Measurements for lactate dehydrogenase (LDH), interleukin-1β (IL-1β) and caspase-1 activity
Determination of LDH and IL-1β levels in supernatants was conducted using corresponding enzyme-linked immunosorbent assay kits (Esebio, Shanghai, China), and the caspase-1 activity was measured by a caspase-1 Activity Assay Kit (Beyotime). All procedures were conducted in strict accordance with the instructions in the manual.
Xenograft experiments
Male BALB/c nude mice (4–6-week-old, 18–20 g) were obtained from SPF (Beijing) Biotechnology Co., Ltd. (Beijing, China) and were randomly divided into 3 groups: Control, WDL, and WDL + RTA-408 groups (n ≥ 6).
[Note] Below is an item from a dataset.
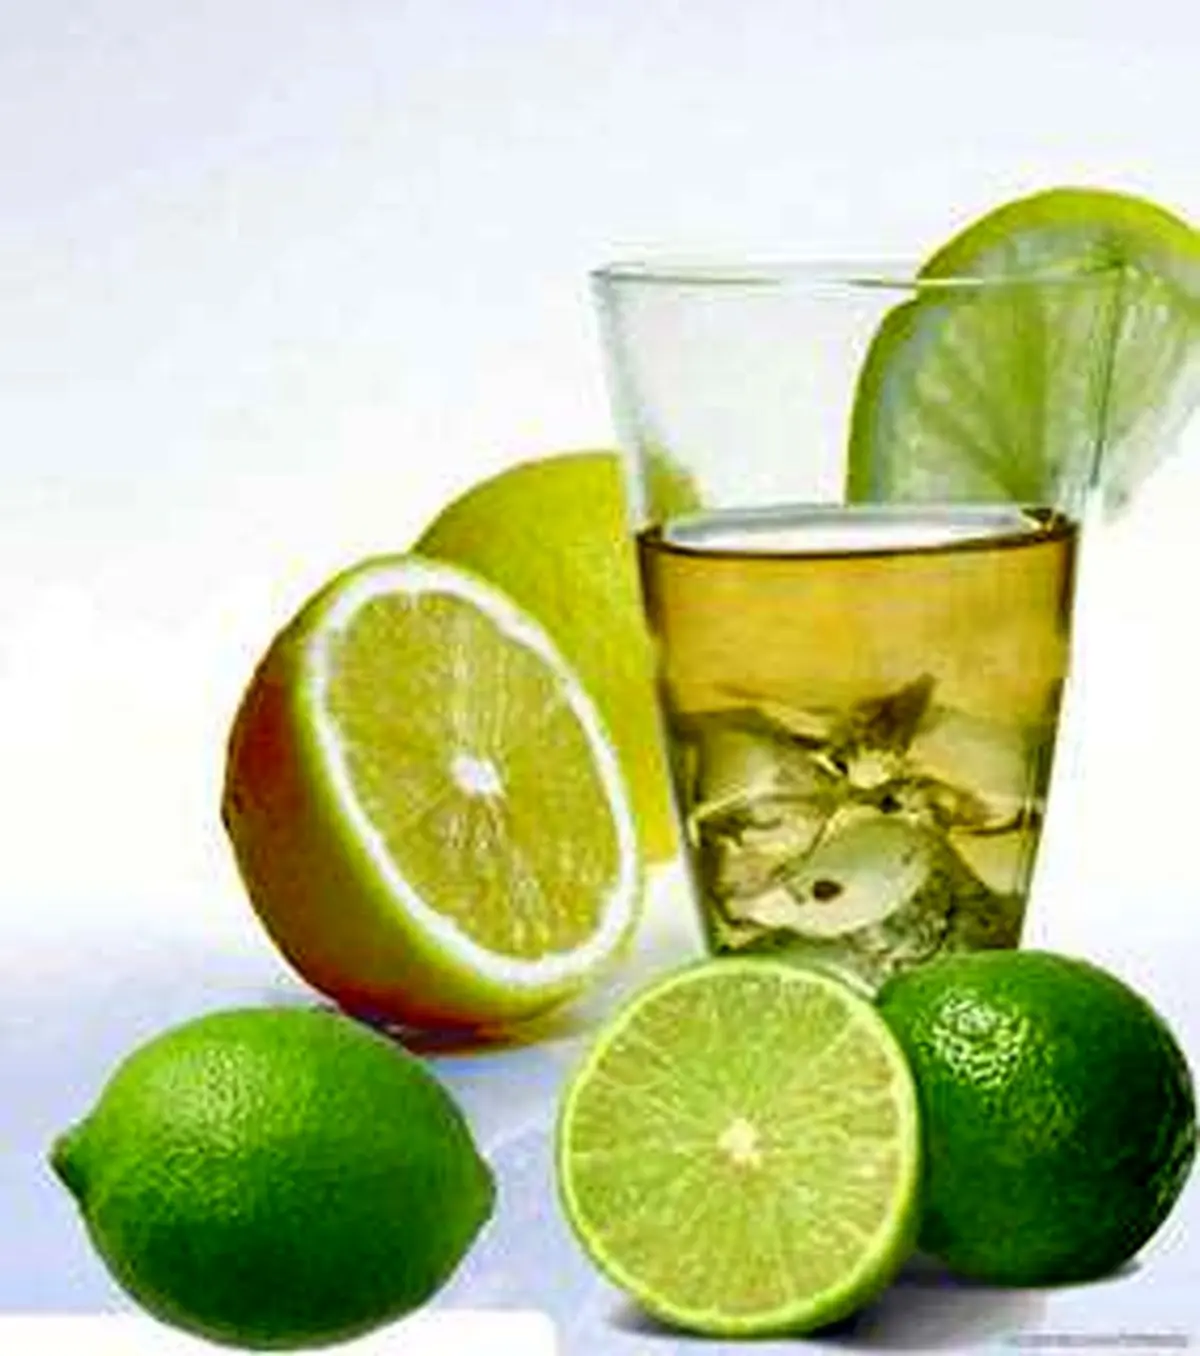 آیا از معجزه نوشیدن آب لیمو با معده خالی خبر دارید؟!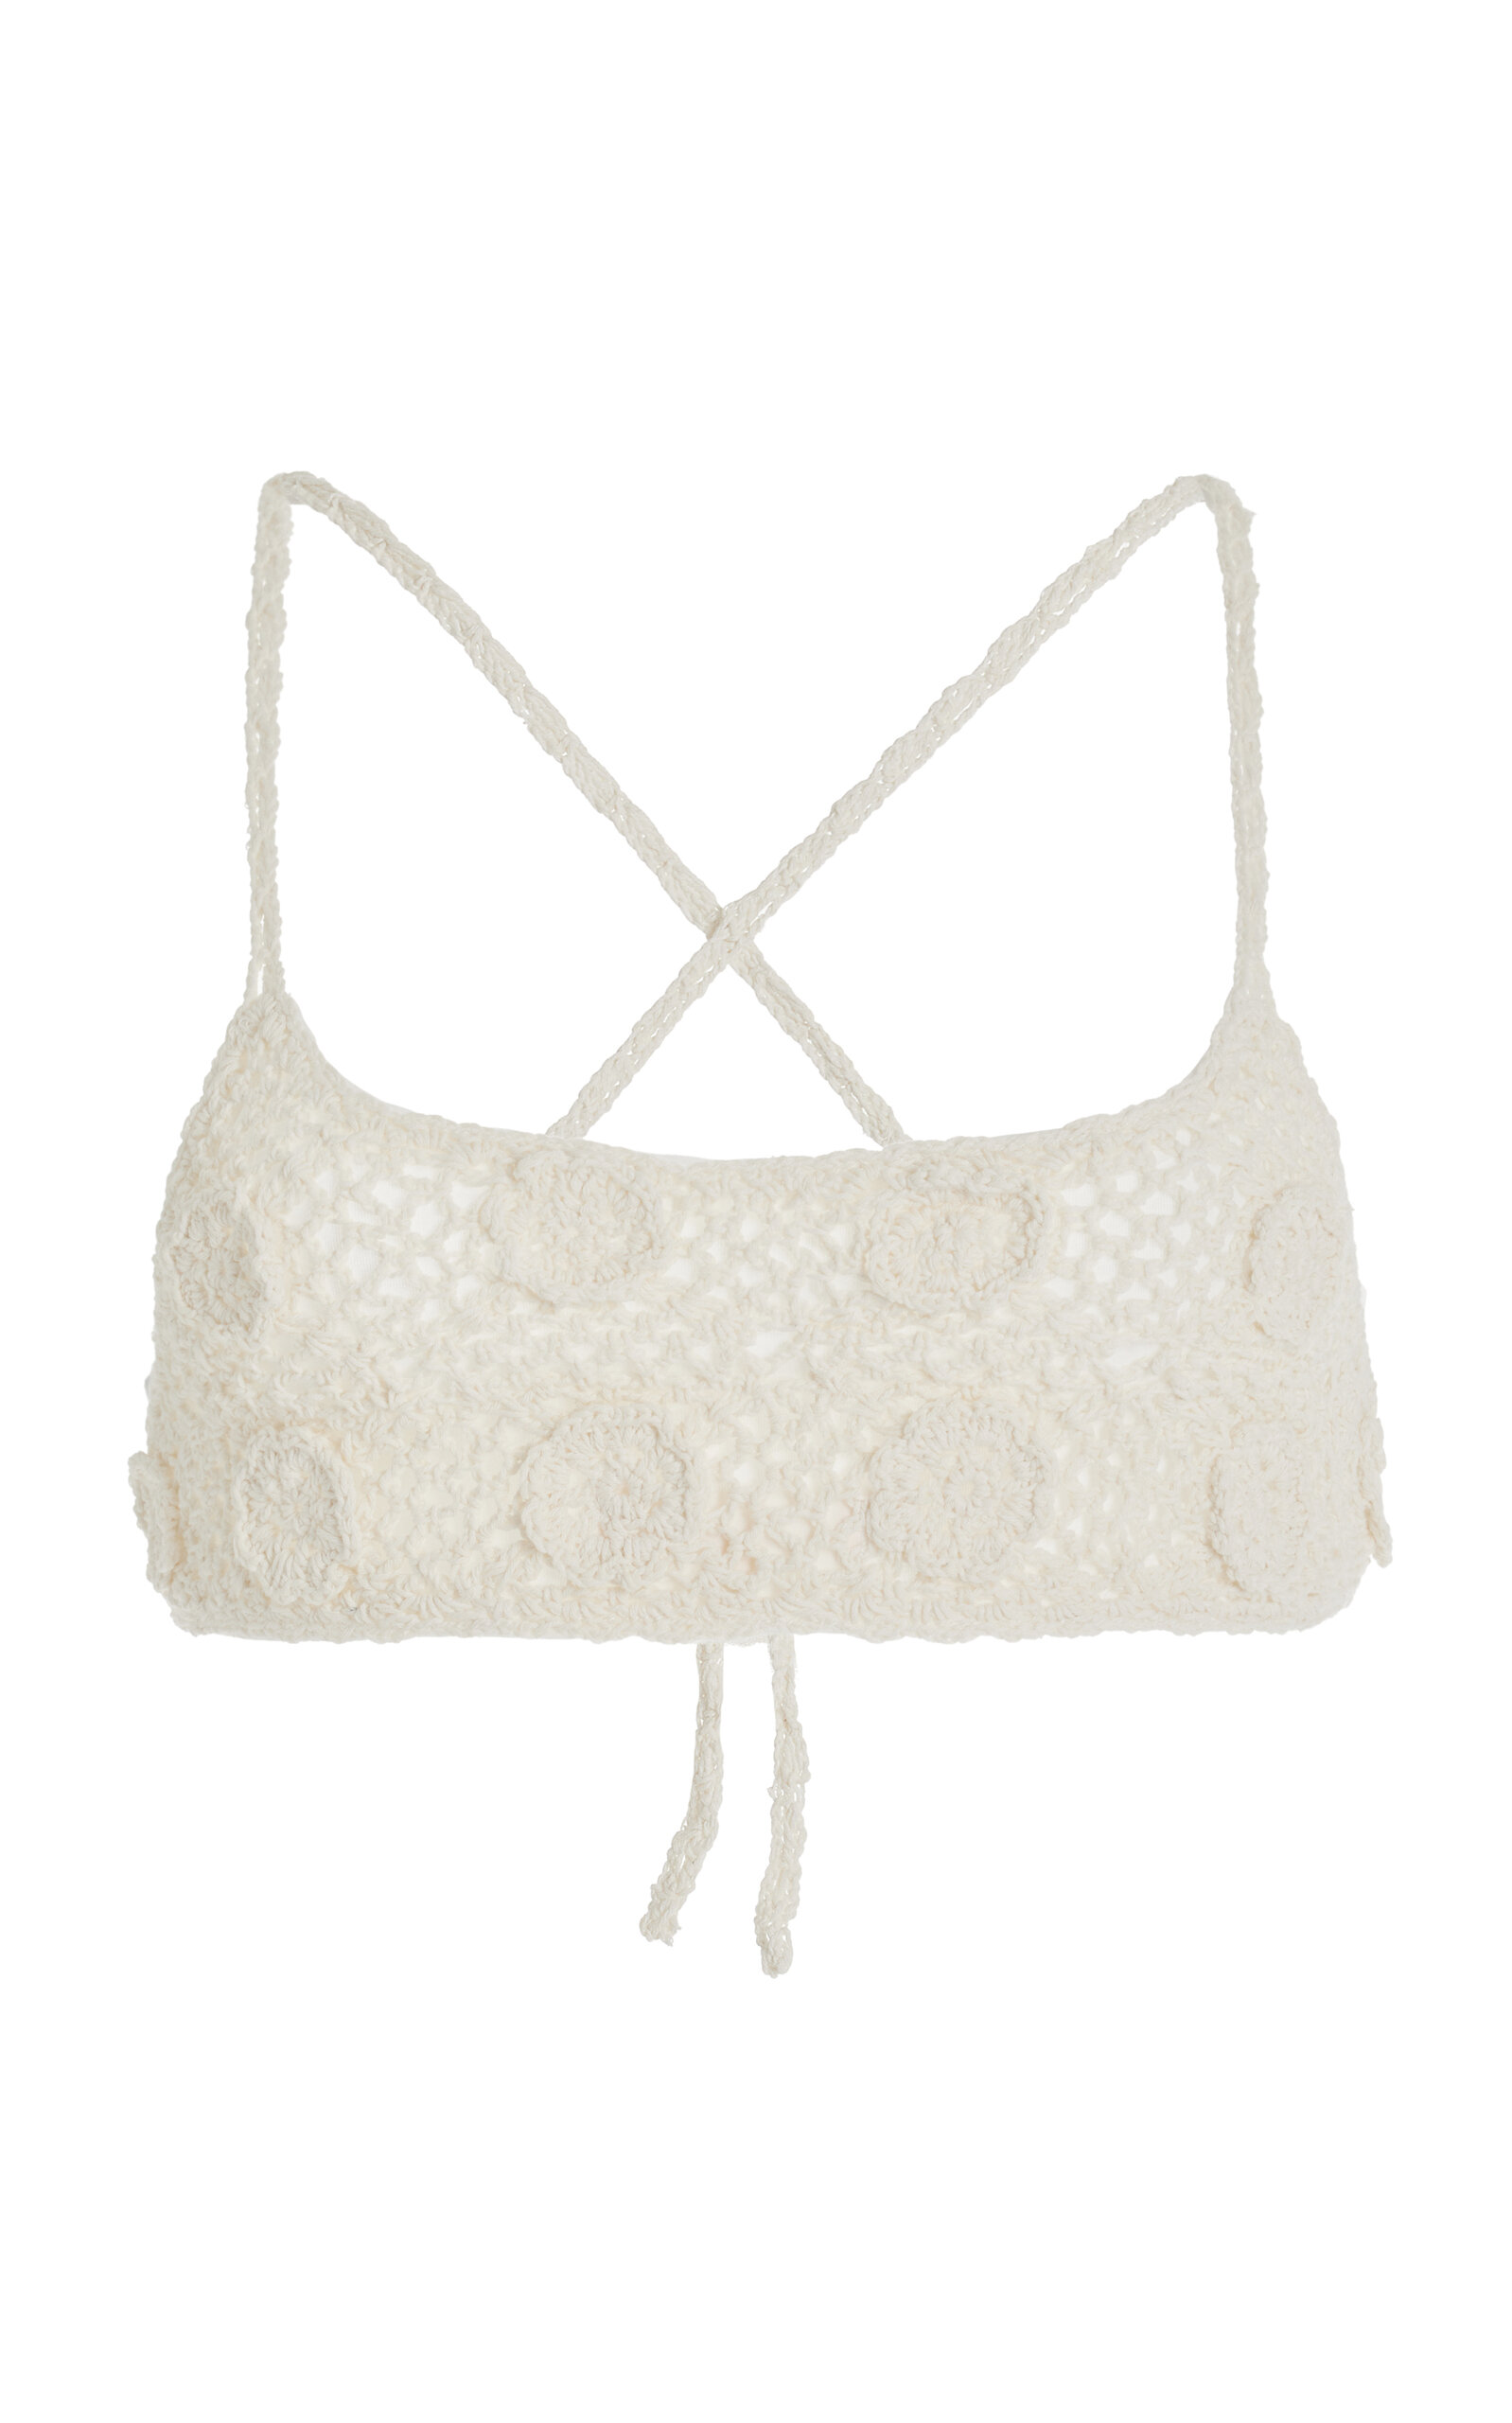 Cloe Cassandro Crocheted Cotton Bikini Top In White

A total of 1 × 107 Y79 cells (in 0.2 mL phosphate buffer saline) were subcutaneously injected into the left flank of each mouse [24]. WDL (30 mg/kg) were dissolved in 10% (w/v) hydroxypropyl β-cyclodextrin (Sigma-Aldrich, Darmstadt, Germany) aqueous solution via vortex mixing (5 min) and brief sonication (2 min, 25 °C) [8]. After Y79 cells injection for 5 days, mice in the WDL group received daily oral treatments with WDL (30 mg/kg). The mice in the WDL + RTA-408 group were administered RTA-408 at a dose of 1 mg/kg/day twice weekly by intraperitoneal injection at the same time as daily oral treatments with WDL [25]. For the Control group, an equal volume of saline was subjected to each mouse. We measured the length and width of the tumor every 5 days and calculated the volume using the following formula: length × (width)2/2. After 30 days of treatment, all mice were anesthetized by inhalation of 5% isoflurane and then sacrificed by cervical dislocation. Tumor tissues were collected for subsequent experiments. All animal experimental procedures were performed under the local ethical approval of the Animal Ethics Committee (Approval No. SYXK20230320).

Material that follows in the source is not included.